LA CLASSE DEL MAESTRO
Intervista a Mario Lodi su Famiglia Cristiana del 23 novembre 2008
Nella foto, sul vetro della finestra, Mario Lodi scrive “I Care”, mi interessa, il motto che fu di don Lorenzo Milani e della scuola di Barbiana.
L’istruzione e le riforme: intervista a Mario Lodi
LA CLASSE DEL MAESTRO
Il grande scrittore ed educatore parla del suo metodo per far crescere i bambini delle elementari e farli diventare cittadini consapevoli e maturi.
Ecco la sua lezione di vita.
di Elisa Chiari
Mario Lodi è ancora il Maestro, con le maiuscole. A Drizzona, quattro case e un fazzoletto di campo da Piadena, in piena bruma bassopadana, sanno tutti dove abita. Perché così si usava quando varcò per la prima volta col diploma in tasca la soglia di un’aula, ai tempi in cui il maestro insieme con il parroco, il medico e il sindaco era l’autorità del paese. Eppure Mario Lodi non ha nostalgia della scuola autoritaria di quei tempi. Anzi, è sceso dalla cattedra il primo giorno accontentandosi di una sedia (per mettersi all’altezza dei bambini) e da allora si batte per una riforma da dentro, senza troppi riguardi per le teorie dei ministri d’ogni colore che si susseguono e fanno e disfanno senza sosta. Sperimentò la sua idea di scuola quando ci entrò nel secondo dopoguerra e la risperimenta oggi, a 86 anni, facendo da “chioccia” a un gruppo di maestri giovani sparsi per l’Italia.
A guidarli l’esperienza e le leggi che ci sono già, prima di tutto la Costituzione: “Non per leggerla, ma per viverla, in aula, a sei anni, perché la scuola non può accontentarsi di leggere e scrivere, deve crescere cittadini responsabili”.
Da settant’anni osserva bambini nel tempo e vede più continuità che differenze: “Il mondo è diverso da allora, ma non sono convinto, da quel che vedo frequentandoli, che i bambini di sei anni abbiano esigenze troppo diverse da quelle di sempre. Semmai abbiamo un problema in più da fronteggiare, fatto di Tv e computer che scollano sempre più i bambini dalla vita reale per proiettarli in un eterno virtuale, insinuando in loro la convinzione che l’avere conti più dell’essere e del sapere”.

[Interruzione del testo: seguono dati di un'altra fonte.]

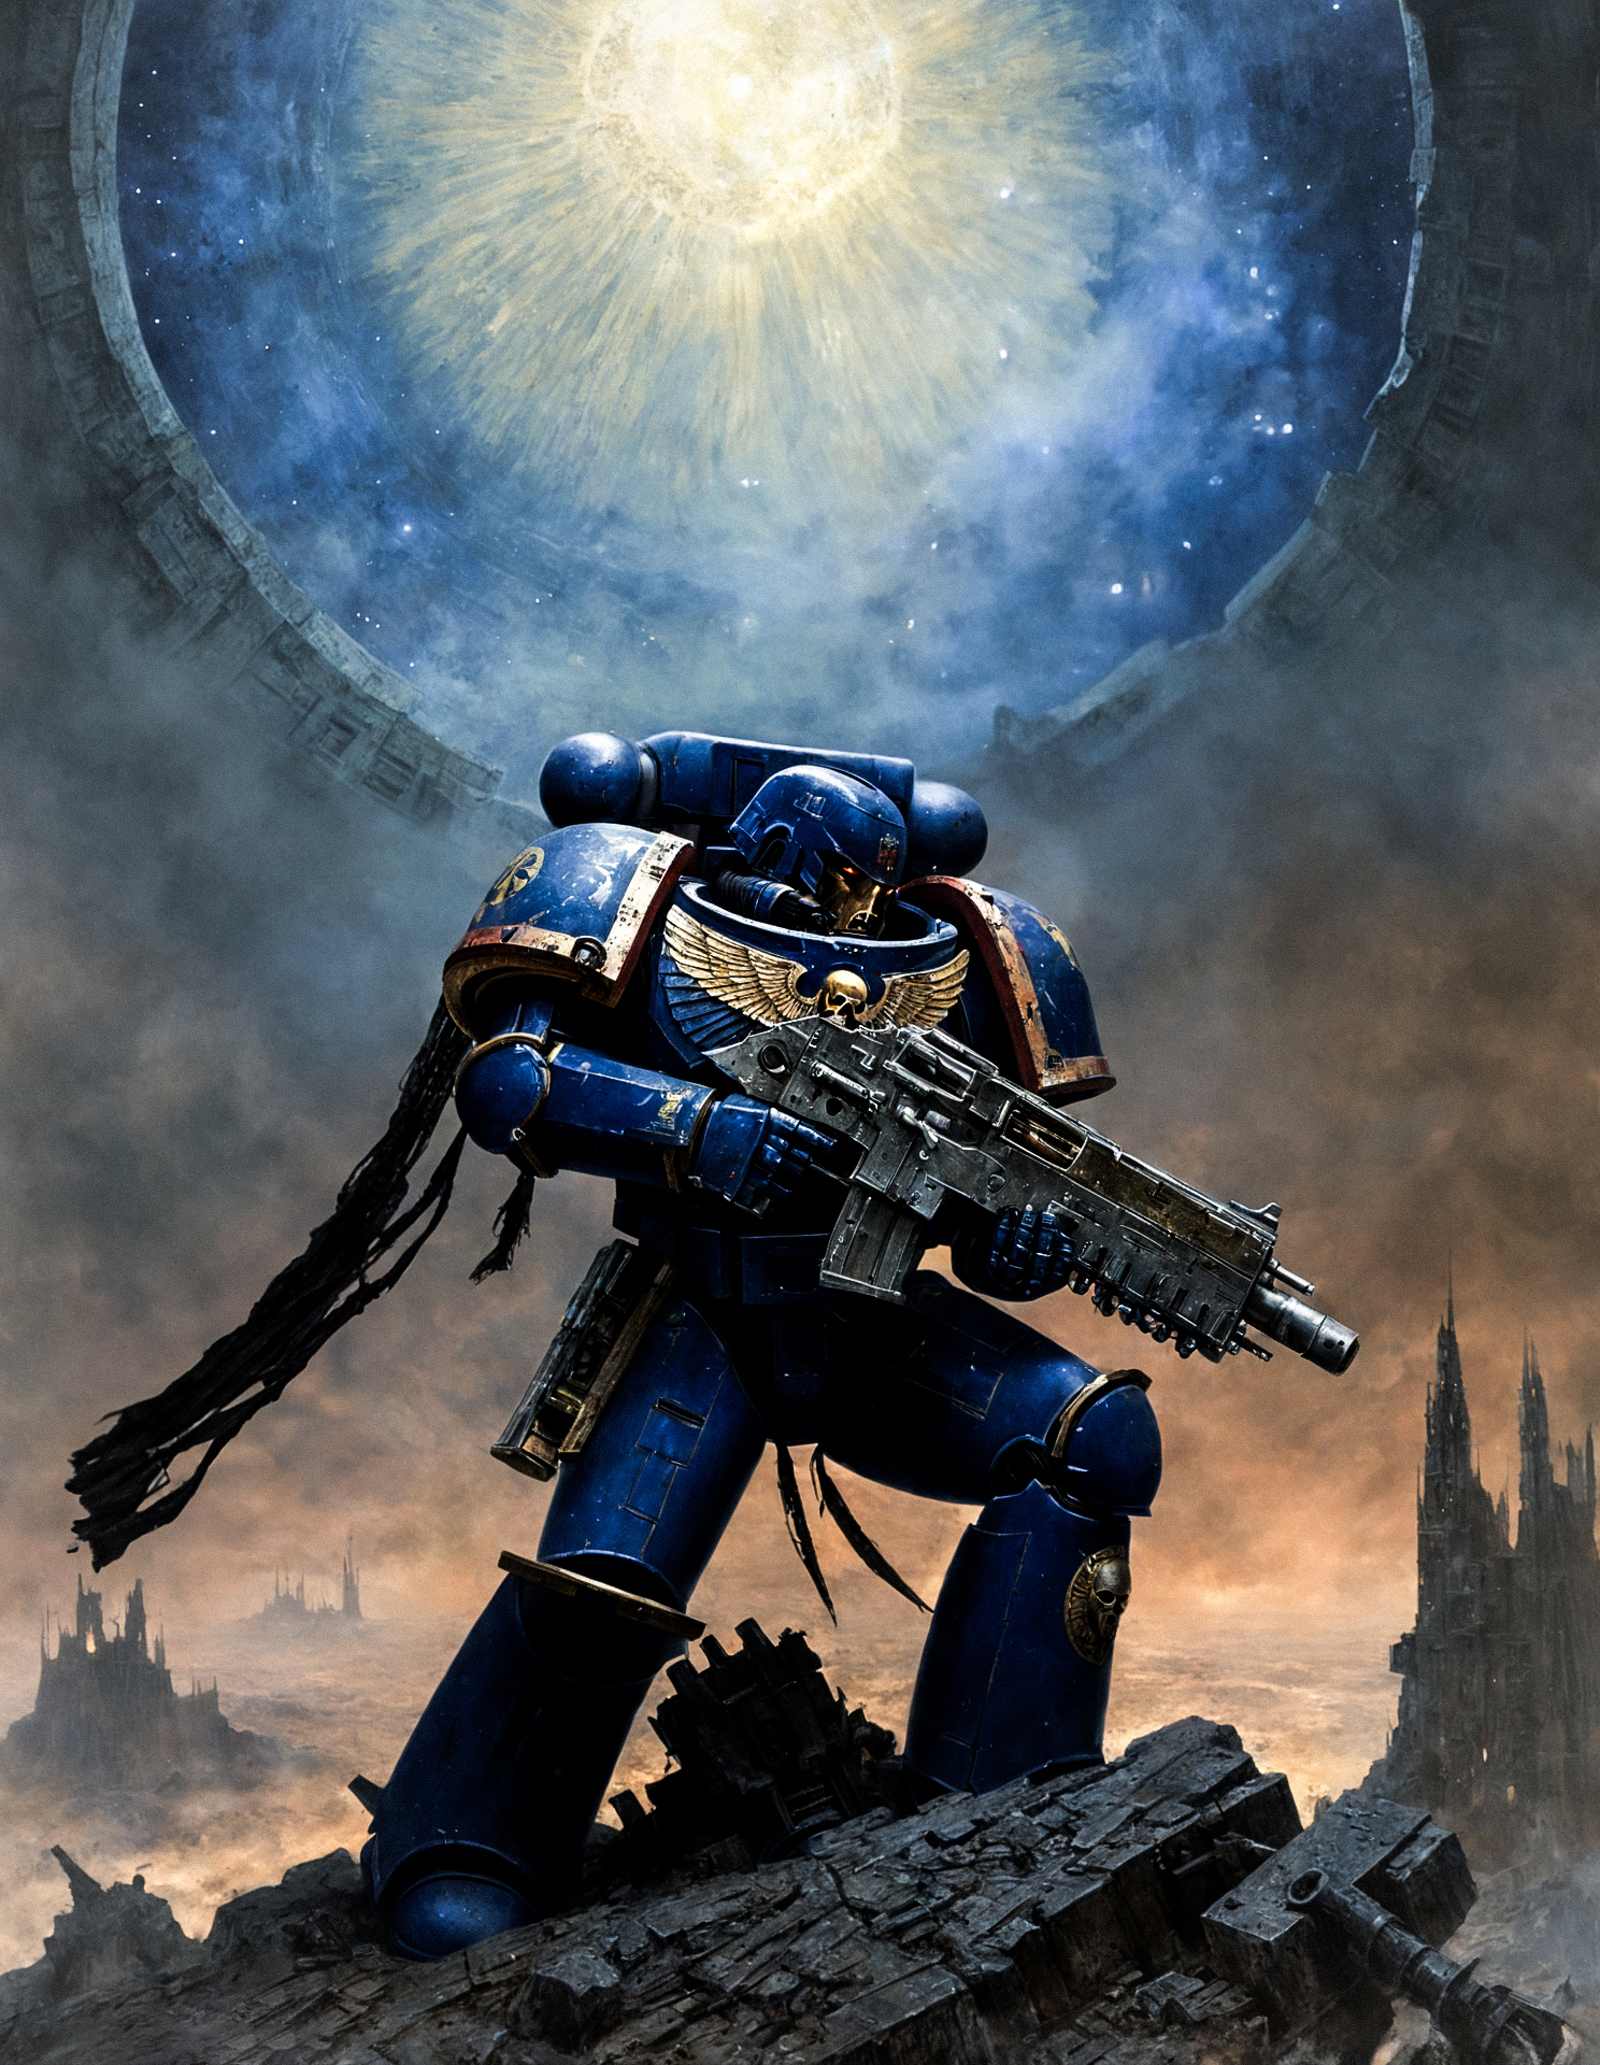 A futuristic sci-fi painting of a soldier holding a gun in front of a massive doorway.
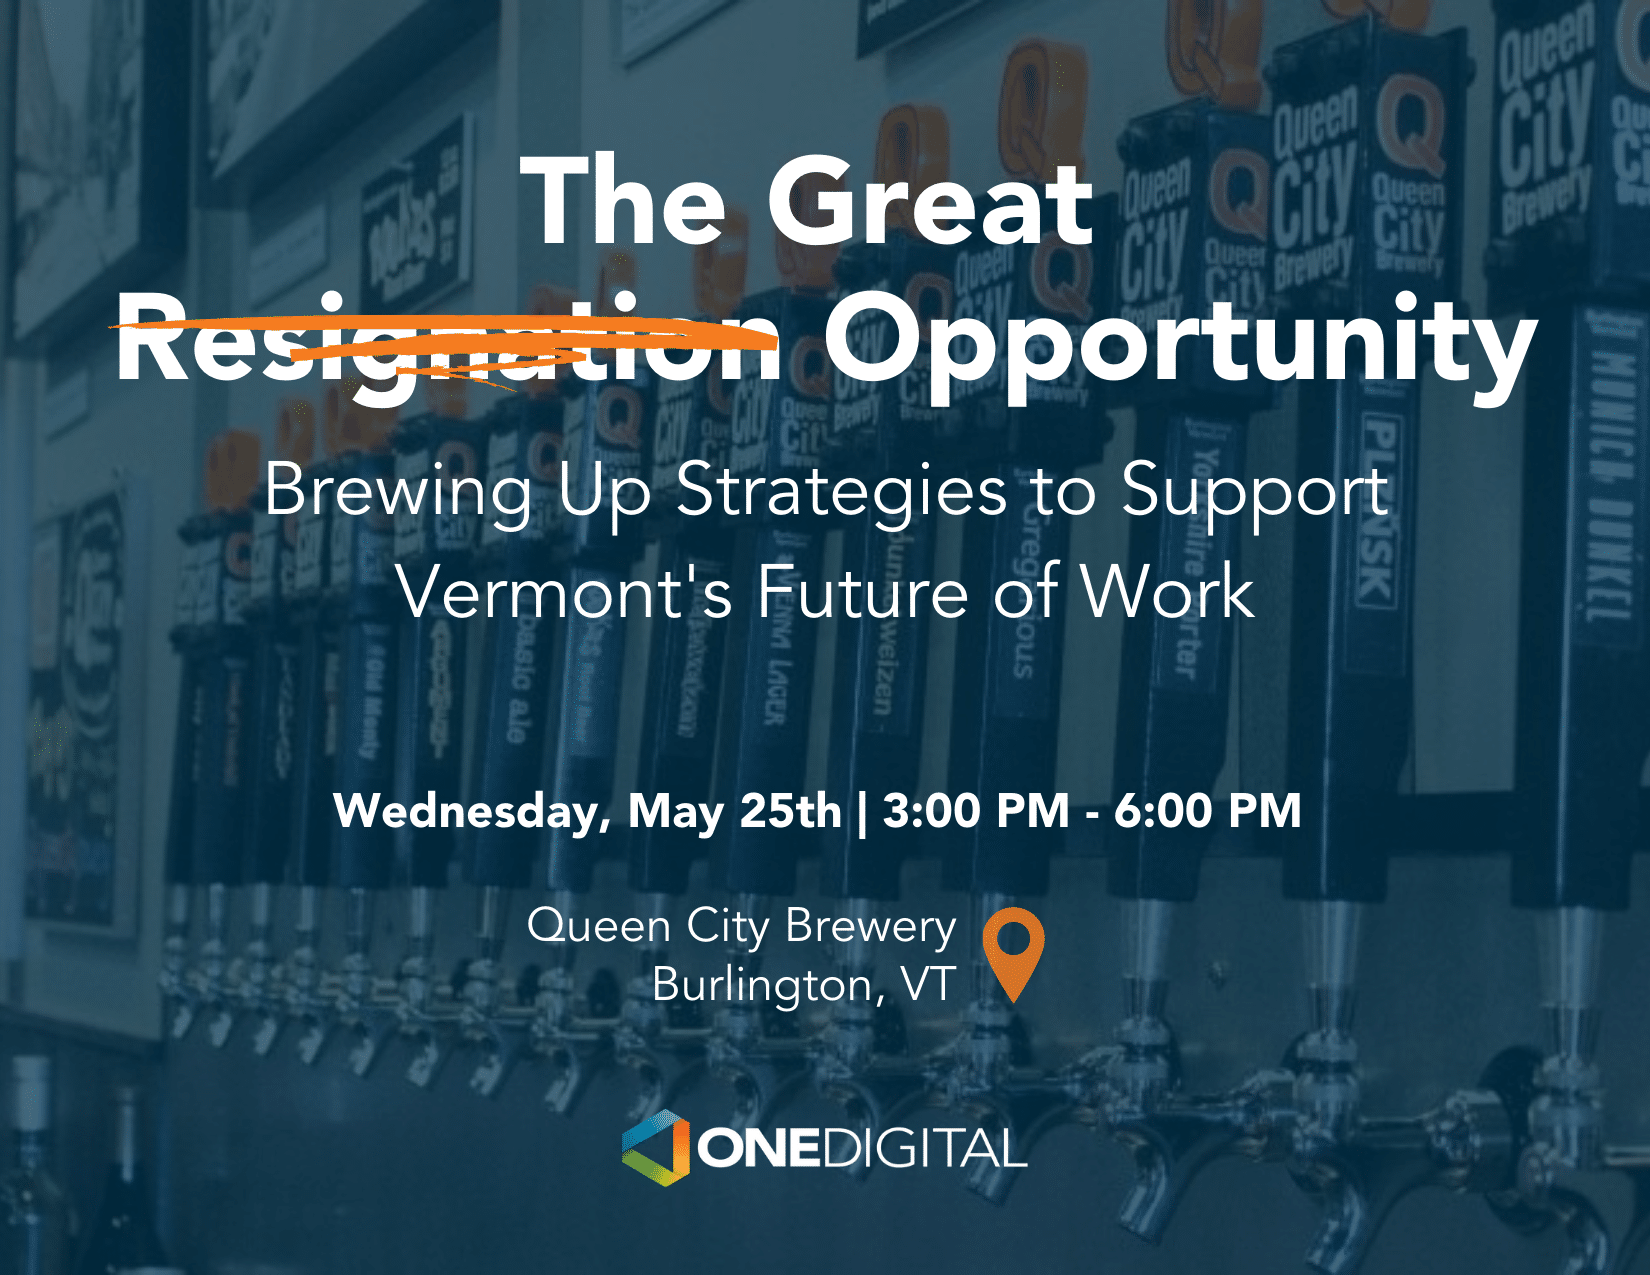 The Great Opportunity: Brewing Up Strategies to Support VT's Future of Work

Rende l’idea con un aneddoto: “Sono stato in una classe poco tempo fa, ho chiesto ai bambini cosa sognassero di fare, uno mi ha risposto ‘il miliardario’, ovviamente in euro, ‘così mi compro due belle ragazze e due macchine’. Gli altri ne hanno fatto subito un leader. Nel ‘mi compro’ c’è un’idea di mondo. Se vogliamo una speranza come scuola dobbiamo inventarci un sistema per fermare questo mercato. Non so se l’idea che ho saprà farlo. Sperimentiamo, poi magari alla fine scopriremo che non vale, ma almeno proviamo”.
L’aula come uno Stato
Quel che Mario Lodi sta provando è un’evoluzione adattata all’oggi del suo metodo di insegnamento. La documentazione del progetto è un diario di fogli scritti al computer, registra quel che i maestri con cui è in contatto fanno in classe giorno per giorno, seguendo la sua idea di scuola democratica.
Che vuol dire esattamente?
“I bambini arrivano in classe con un sapere: esplorando il mondo hanno imparato a osservare, a parlare e sviluppato spontaneamente un’enorme mole di conoscenze. Da lì bisogna partire, cominciando a non ignorare le cose che sanno e replicando il metodo con cui le hanno apprese. Un bambino che nasce ha nel pianto il primo strumento per esercitare la libertà di espressione, sa usarlo anche se non sa che esiste l’articolo 21”.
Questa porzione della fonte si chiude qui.